From: Tim Hockin <thockin@hockin.org>
To: Roman Gushchin <guro@fb.com>
Cc: Michal Hocko <mhocko@kernel.org>,
Johannes Weiner <hannes@cmpxchg.org>, Tejun Heo <tj@kernel.org>,
kernel-team@fb.com, David Rientjes <rientjes@google.com>,
linux-mm@kvack.org, Vladimir Davydov <vdavydov.dev@gmail.com>,
Tetsuo Handa <penguin-kernel@i-love.sakura.ne.jp>,
Andrew Morton <akpm@linux-foundation.org>,
Cgroups <cgroups@vger.kernel.org>,
linux-doc@vger.kernel.org,
"linux-kernel@vger.kernel.org" <linux-kernel@vger.kernel.org>
Subject: Re: [v8 0/4] cgroup-aware OOM killer
Date: Wed, 27 Sep 2017 11:11:42 -0700 [thread overview]
Message-ID: <CAAAKZwtApj-FgRc2V77nEb3BUd97Rwhgf-b-k0zhf1u+Y4fqxA@mail.gmail.com> (raw)
In-Reply-To: <20170927162300.GA5623@castle.DHCP.thefacebook.com>
On Wed, Sep 27, 2017 at 9:23 AM, Roman Gushchin <guro@fb.com> wrote:
> On Wed, Sep 27, 2017 at 08:35:50AM -0700, Tim Hockin wrote:
>> On Wed, Sep 27, 2017 at 12:43 AM, Michal Hocko <mhocko@kernel.org> wrote:
>> > On Tue 26-09-17 20:37:37, Tim Hockin wrote:
>> > [...]
>> >> I feel like David has offered examples here, and many of us at Google
>> >> have offered examples as long ago as 2013 (if I recall) of cases where
>> >> the proposed heuristic is EXACTLY WRONG.
>> >
>> > I do not think we have discussed anything resembling the current
>> > approach. And I would really appreciate some more examples where
>> > decisions based on leaf nodes would be EXACTLY WRONG.
>> >
>> >> We need OOM behavior to kill in a deterministic order configured by
>> >> policy.
>> >
>> > And nobody is objecting to this usecase. I think we can build a priority
>> > policy on top of leaf-based decision as well. The main point we are
>> > trying to sort out here is a reasonable semantic that would work for
>> > most workloads. Sibling based selection will simply not work on those
>> > that have to use deeper hierarchies for organizational purposes. I
>> > haven't heard a counter argument for that example yet.
>>
>
> Hi, Tim!
>
>> We have a priority-based, multi-user cluster. That cluster runs a
>> variety of work, including critical things like search and gmail, as
>> well as non-critical things like batch work. We try to offer our
>> users an SLA around how often they will be killed by factors outside
>> themselves, but we also want to get higher utilization. We know for a
>> fact (data, lots of data) that most jobs have spare memory capacity,
>> set aside for spikes or simply because accurate sizing is hard. We
>> can sell "guaranteed" resources to critical jobs, with a high SLA. We
>> can sell "best effort" resources to non-critical jobs with a low SLA.

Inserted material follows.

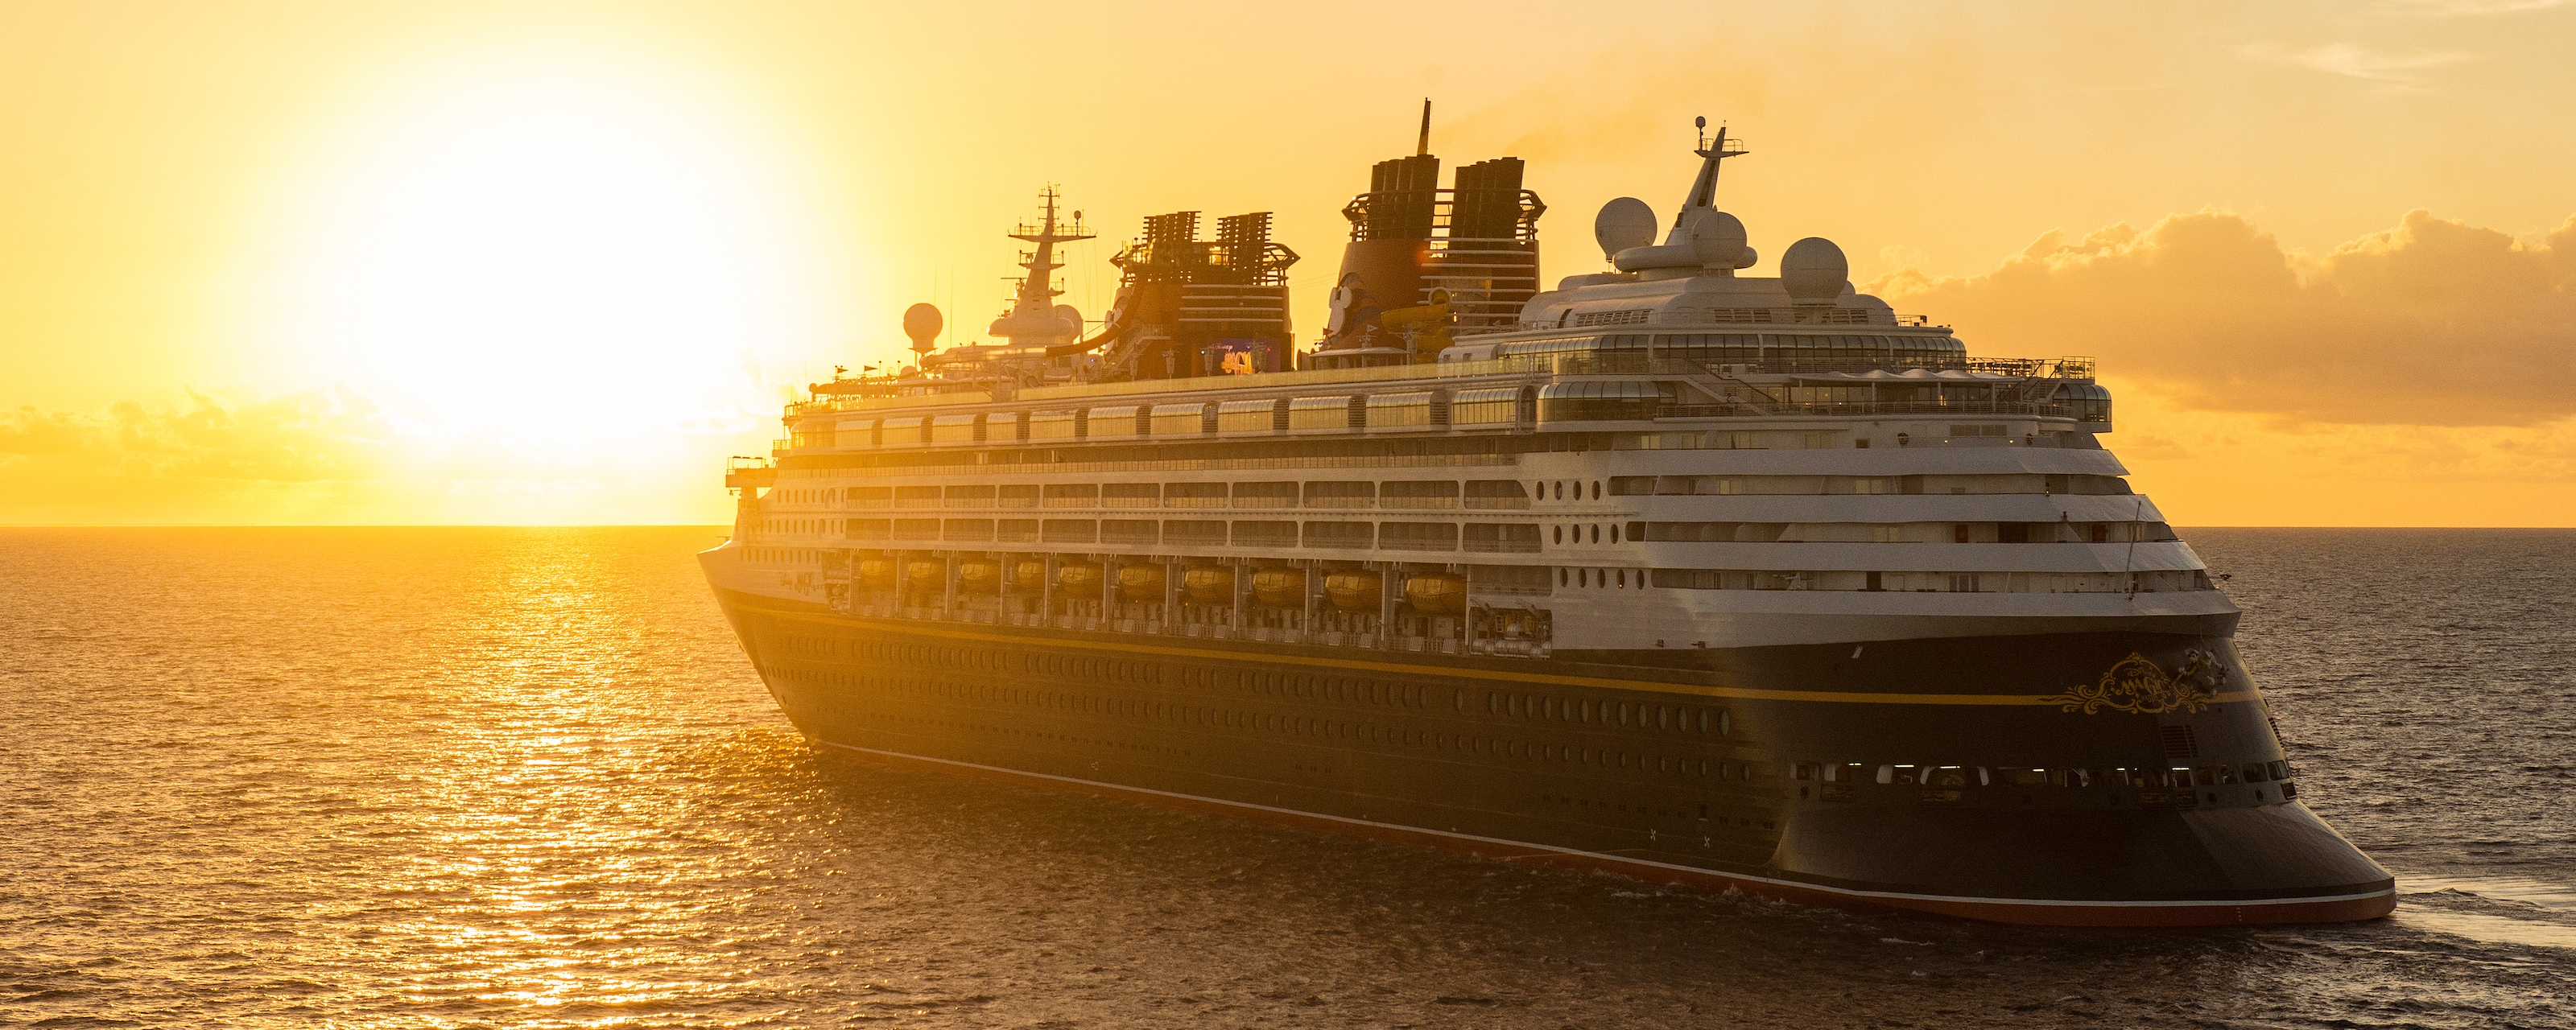 disney transatlantic cruise review

>> We achieve much better overall utilization this way.
>
> This is well understood.
>
>>
>> I need to represent the priority of these tasks in a way that gives me
>> a very strong promise that, in case of system OOM, the non-critical
>> jobs will be chosen before the critical jobs. Regardless of size.
>> Regardless of how many non-critical jobs have to die. I'd rather kill
>> *all* of the non-critical jobs than a single critical job. Size of
>> the process or cgroup is simply not a factor, and honestly given 2
>> options of equal priority I'd say age matters more than size.
>>
>> So concretely I have 2 first-level cgroups, one for "guaranteed" and
>> one for "best effort" classes. I always want to kill from "best
>> effort", even if that means killing 100 small cgroups, before touching
>> "guaranteed".
>>
>> I apologize if this is not as thorough as the rest of the thread - I
>> am somewhat out of touch with the guts of it all these days. I just
>> feel compelled to indicate that, as a historical user (via Google
>> systems) and current user (via Kubernetes), some of the assertions
>> being made here do not ring true for our very real use cases. I
>> desperately want cgroup-aware OOM handing, but it has to be
>> policy-based or it is just not useful to us.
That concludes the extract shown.